Stardust constituted a major gamble at a time when Nelson was riding the crest of the outlaw country wave with his longtime collaborator Waylon Jennings.

A 90-degree left turn into the music of Hoagy Carmichael, George and Ira Gershwin, Duke Ellington and their peers was the last thing the public expected, despite the versatility and ambition Nelson had shown in themed concept albums that preceded Stardust, including Red Headed Stranger, Phases and Stages and his salute to Lefty Frizzell, To Lefty From Willie.

But it made total sense to Bruce Lundvall, the Columbia Records executive who signed Nelson to the label in the 1970s and now heads Blue Note Records, the jazz label that's releasing American Classic.

"When I signed him in the '70s, the first record he came in with was Red Headed Stranger," Lundvall said from his home in New York while recuperating from recent heart surgery.

"I called a meeting and told the staff, 'It may not sell, but it's Willie's dream record and we're putting it out.'

"I was way off base. It sold 3 million copies. Then he came back with Stardust and I thought, 'My God, how are they going to play this at country radio?' I was wrong again."

As for American Classic, another pet project for Lundvall, "I don't have expectations of it doing what Stardust did - that was unprecedented, and it became his best seller of all time. But I think it will do very well for us. ... The greatest thing for me is just being back in business with Willie Nelson."

Nelson says his heart always has belonged as much to jazz as to country.

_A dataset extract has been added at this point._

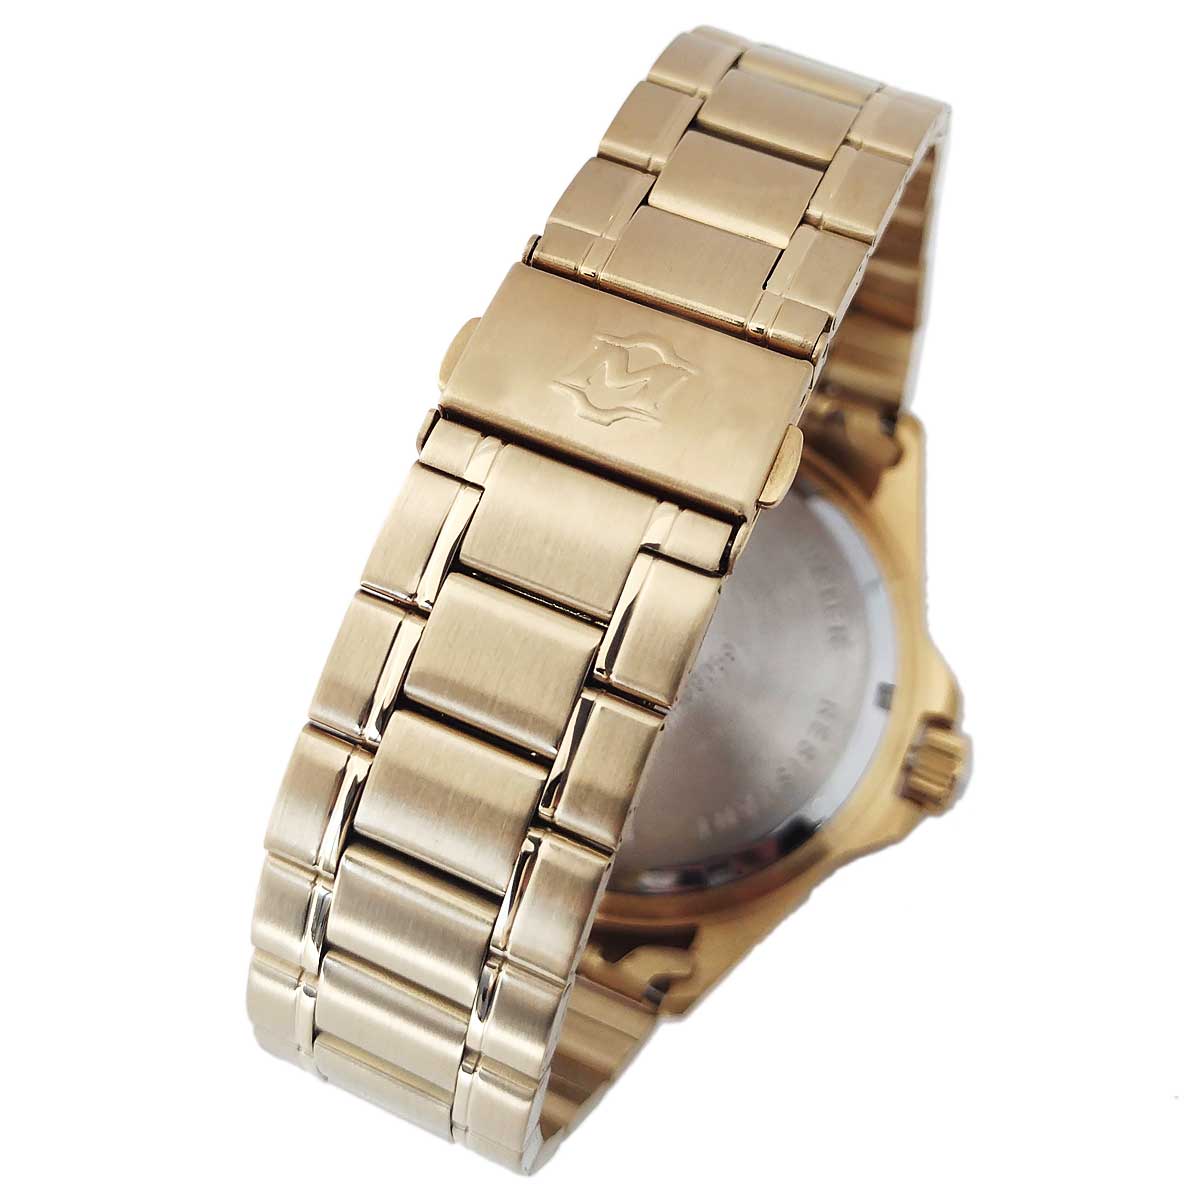 Relógio Masculino Magnum Dourado Original 2 Anos Garantia

Nelson explored the common ground between the genres on his 2008 album with New Orleans trumpeter Wynton Marsalis, Two Men With the Blues, an effort Marsalis spearheaded as head of the Jazz at Lincoln Center programme in New York.

It allowed Nelson to stretch out as both instrumentalist and vocalist, even beyond the signature elastic style he has exploited so successfully in country music.

That style is apparent in American Classic, particularly in Earl K. Brent and Matt Dennis' Angel Eyes, which presents a singer with some extraordinary melodic twists and turns.

When it's suggested that it often seems that he can sing anything, Nelson laughs again. "That's the problem sometimes," he says. "Sometimes you may have to rewrite on the spot - I think that's where jazz got started, because a guy forgot the melody."

Nelson's anti-establishment persona, along with philanthropic efforts including the annual Farm Aid concerts and conservation efforts such as his support of bio-diesel fuel and campaign against the slaughter of horses, have maintained his reputation as a maverick, which helps him as time goes on to win the respect of many beyond country music aficionados.

"One of the big things that caught my attention was after he moved to Nashville in the '60s, he and another Texan, Waylon Jennings, eventually told the Nashville people to go to hell, and they left," says Sample.

It's easy to wonder how he handles the pace he maintains.

American Classic is his fourth album in 2009 alone.

Once in a while there's a subtle sign that, as he sang to great comic effect on one of those albums for the Lost Highway label, I Ain't Superman.

"Fortunately and unfortunately, I'm out here a lot. It's good, because I like to play," he says, then coughs. "But at some point you're ready to go sit down and rest a while."